Una brisa cálida nos abrazó al bajar del avión. Mis manos estiraron los dedos; una sudaba y se quejaba del clima, la otra empezó a desprender pelo.
Desde la habitación vislumbramos la fluorescencia de las olas. Por insistencia de la enferma bajamos, no sin antes advertirle que de noche no podíamos entrar al océano, debía esperar hasta mañana. Sentada en la playa, mis uñas se hundieron en la arena. Las tres nos relajamos. Una jaiba se acercó insistente. El animal me cayó en gracia y dejé que jugara con mi amiga. El crustáceo empezó a acariciarla, las tenazas y los dedos se entrelazaron; los forúnculos desaparecieron. La conservadora se tapó las uñas para no ver semejante inmoralidad. Con violencia los separé, una cosa era tener una mano peluda y otra sufrir el embarazo de un engendro de mano y jaiba. Nos fuimos a descansar.

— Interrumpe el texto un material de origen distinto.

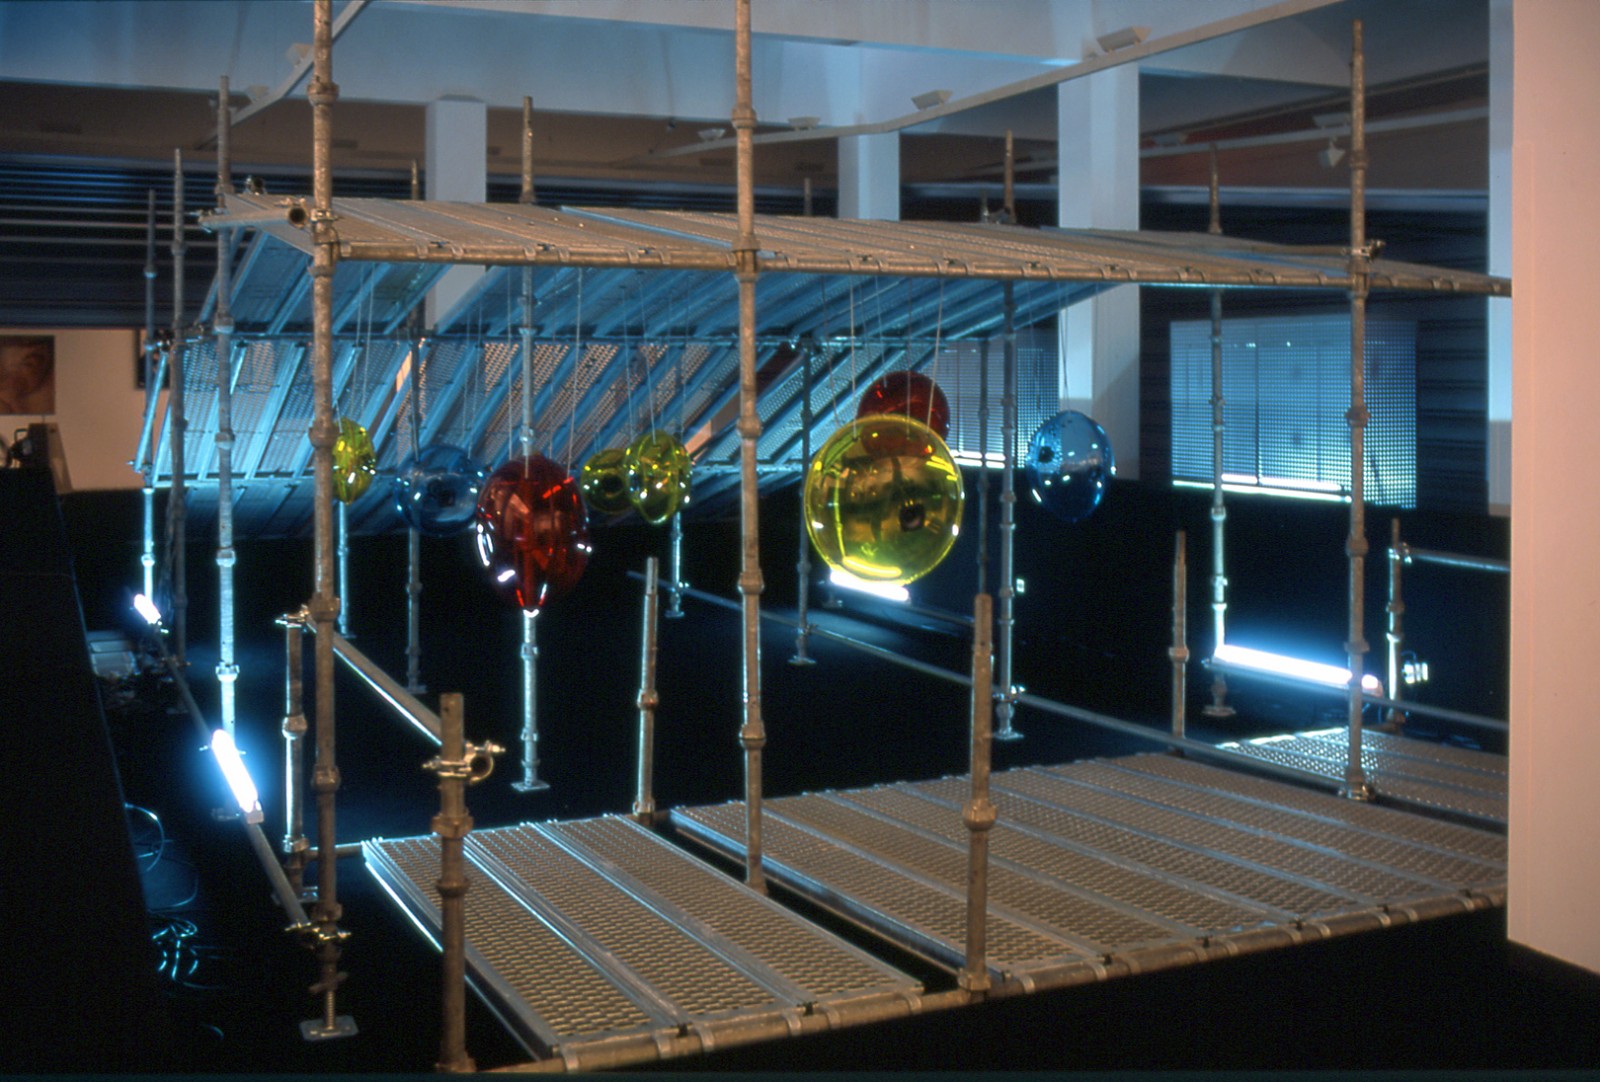 Vista geral da instalação na Bienal da Maia - 2001 / General view at the Maia Biennial 2001

El sol estaba fuerte, el oleaje a veces era calmo, a veces intenso. Envidié a mis manos tan libres en el agua, desnudas nadaban, jugaban con los peces, chapoteaban con las olas, se enterraban en la arena. La mano izquierda sustituyó el pelo por algas, se le adhirieron conchas y caracolas. No dolía, al contrario, me compartía su candor. La diestra, por su parte, exigía bloqueador solar cada dos horas. Se nos fueron los días.
La encargada de llevar el tiempo hizo maletas, el check out del hotel; quería llegar cuatro horas antes al aeropuerto. Nos opusimos a dicha acción, era ultraconservadora. Exigíamos un último chapuzón.
Liberé a mis pies de las sandalias. Caminamos a la orilla del mar. Una ola envolvente nos arrastró. En un torbellino de espuma descubrí el fondo marino. La mano izquierda, sin dolor, se desprendió de mi brazo. Al nado como anémona fue a buscar a su jaiba. La mano derecha me jalaba para que saliese a flote. En sus inútiles intentos para salvarme, mutiló mi muñeca. Indignada, partió.
Me dejé seducir por la marea. La diestra, en traje sastre, tomó el avión y regresó a casa.